I'll give special mentions to the ghost signs and Postman's Park pages which have also proved popular throughout the year. 

Finally, and most importantly, huge thanks to everyone who has read and commented throughout 2012. My very best wishes for 2013!





Thursday, 27 December 2012

From the archives: St Lubbock's Day

As the bank holidays finish and many of us head back to work, we should spare a thought for the man who gave many of us yesterday off. 


Yesterday's bank holiday may have offered indifferent weather, but it's still cause to be grateful to Sir John Lubbock, instigator of such days. He was a true Victorian polymath: a banker, MP, archaeologist and scientist (where his work extended across entomology, anthropology and statistics).

Among Sir John's diverse parliamentary interests was the increasing of workers' free time. In pursuance of this, he was responsible for the Bank Holidays Act 1871. It created four new bank holidays in addition to the commonly-recognised Christmas and Good Friday. Easter Monday, the first Monday in August, Boxing Day and Whit Monday became recognised days of rest in England and Wales (the last of these has since had its date fixed as the final Monday in May and several more have been added).

This innovation was, unsurprisingly, very popular and the days were nicknamed St Lubbock's Days (a piece of slang which seems to have persisted until the First World War). It's impressive to think that the man who changed our working lives so significantly was also the inventor of the terms palaeolithic and neolithic, a prolific author on natural history, and a leading light in many learned societies and professional organisations. If such a busy man could say "rest is not idleness", we can all feel justified in enjoying our days off!

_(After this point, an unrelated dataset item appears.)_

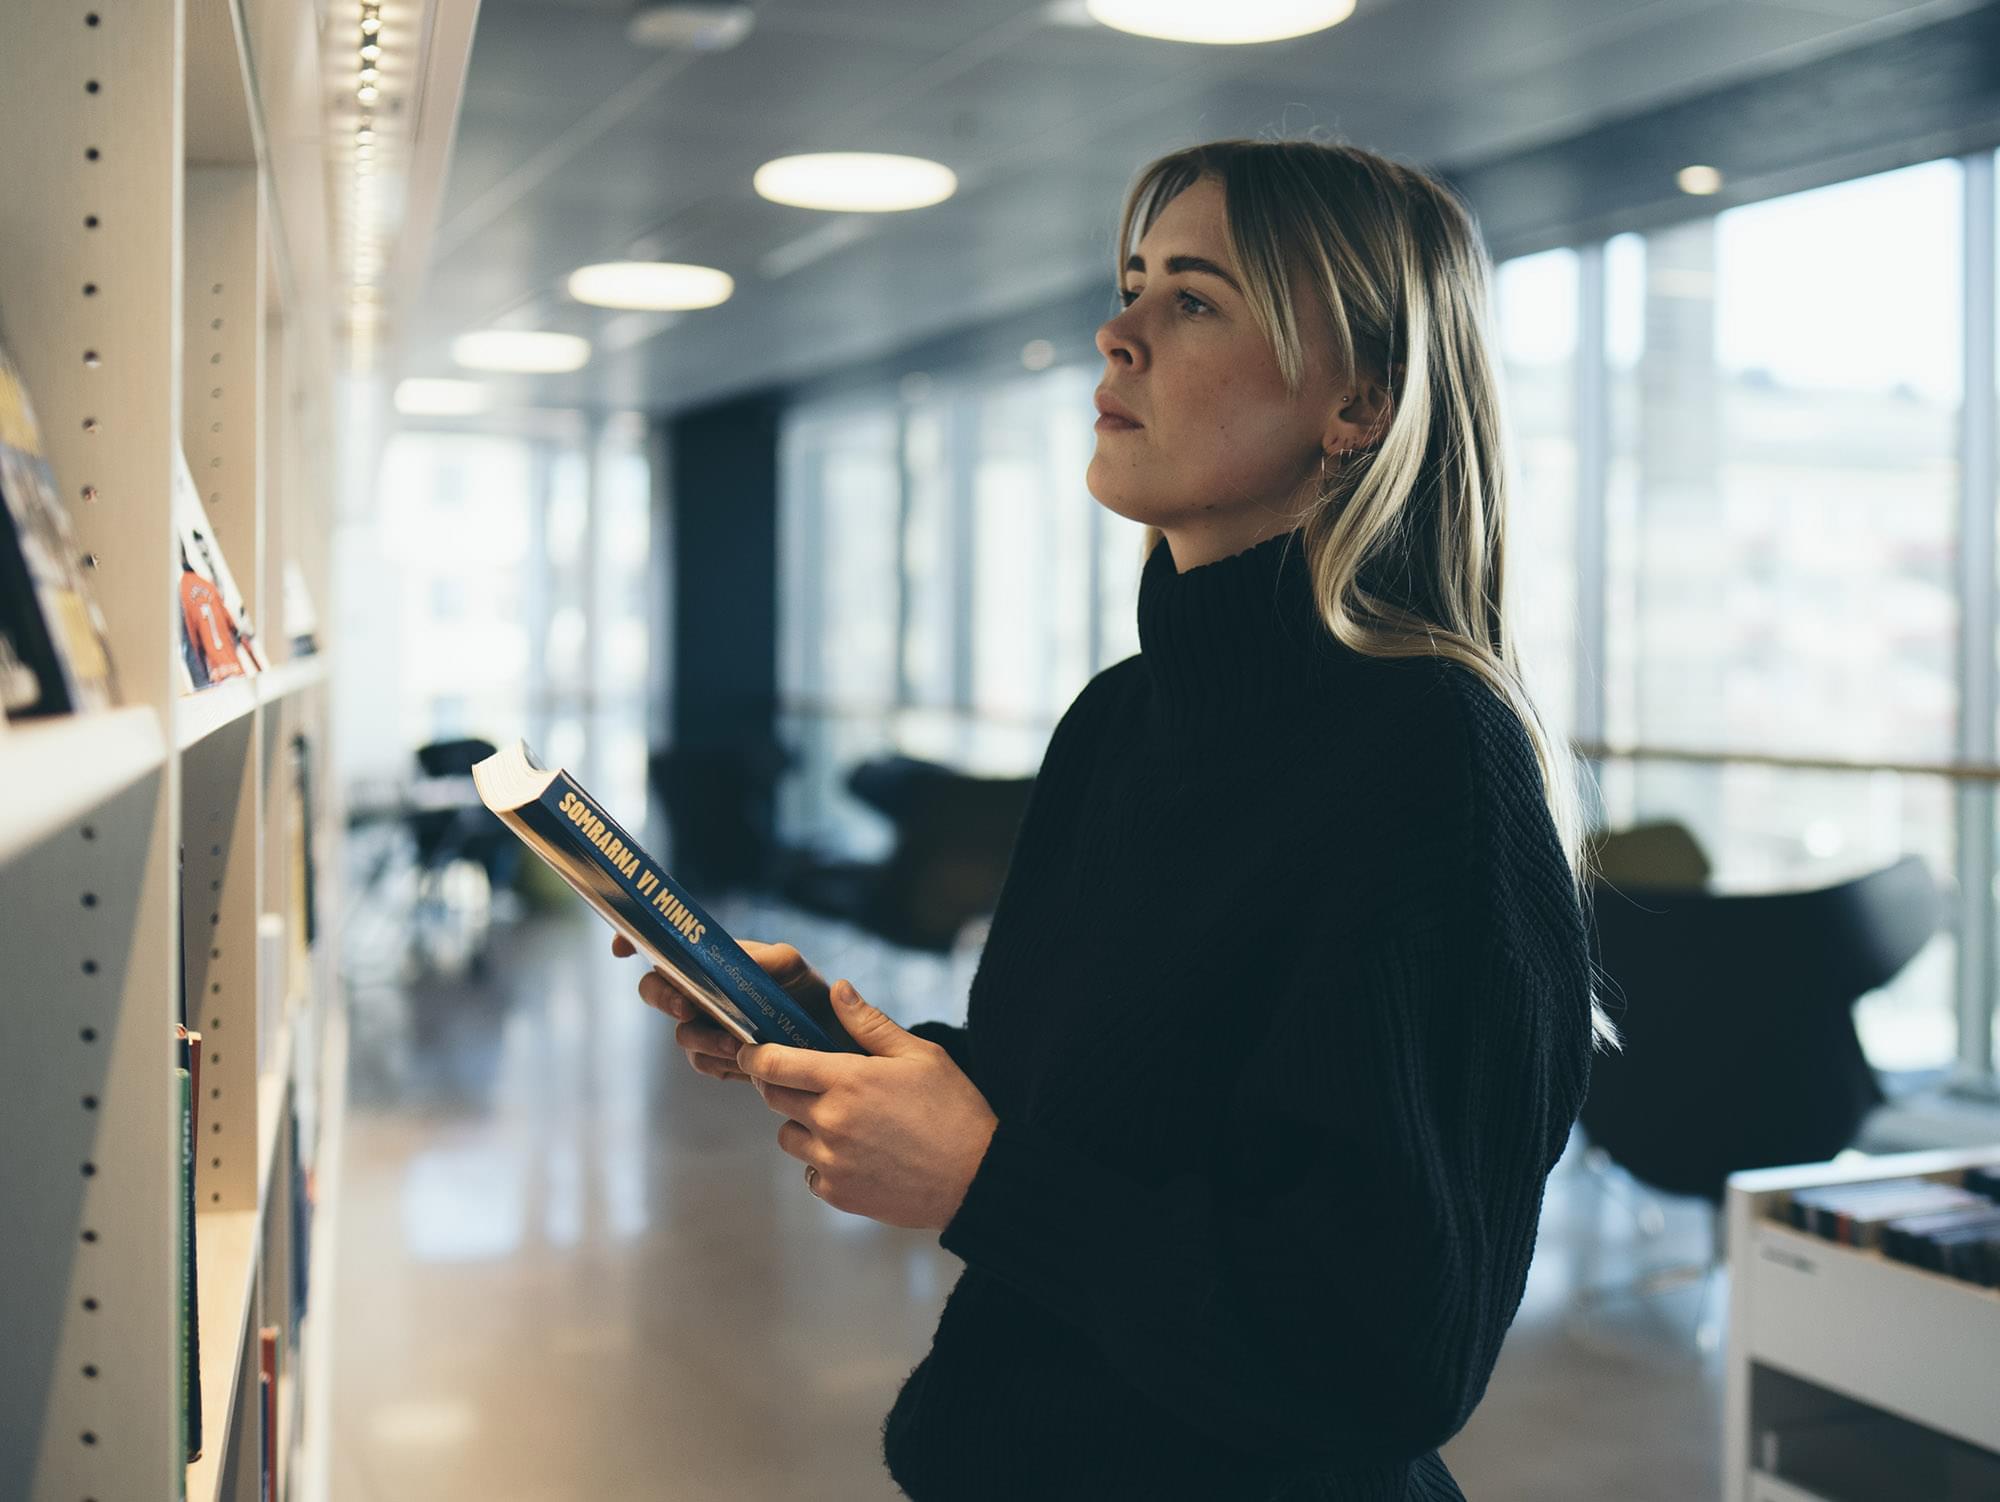 Kvinna står med bok vid bokhylla

Image: John Lubbock, First Baron Avebury, from Wikipedia.

Friday, 21 December 2012

A London Christmas


The Boxing Day tube strike is becoming a tradition, but there are plenty of others which are more enjoyable. Here's a quick round-up of some London-y festive favourites.
  • The Christmas lights on Oxford Street may be a Marmite advert this year, but there are plenty of more seasonal illuminations to be found. Discover them with Westminster Walking - and as a bonus, the walk starts and ends in pubs! It runs on Sunday and on Thursday 27 December. 
  • Westminster Walking also has other suggestions for walks over the holiday period
  • Christmas crackers are a London invention (in France, they make do with sweets). Confectioner Tom Smith adapted the French bon bon wrapped in paper by adding a motto, then the all-important snap; finally, he replaced the original sweet with a gift. Smith is remembered by a fountain in Finsbury Square. There's film of Edwardian cracker-making here
  • Perhaps the most challenging London Christmas quiz is the fiendish effort from London Reconnections. There are prizes, and you have until New Year's Day to work out the answers. 
  • Look back on the London year with the Londonist Out Loud podcast
  • Finally, last posting dates have passed but there's still time to send new year wishes with a Christmas stamp


Tuesday, 18 December 2012

Ghost signs (84): Scarborough

W W Heslop, Butchers were clearly very proud of being army contractors. I'm not sure that actually conveys an impression of quality, but perhaps it was meant to appeal to other large institutions rather than the ordinary passer-by. The shading on the lettering is very nice, though. 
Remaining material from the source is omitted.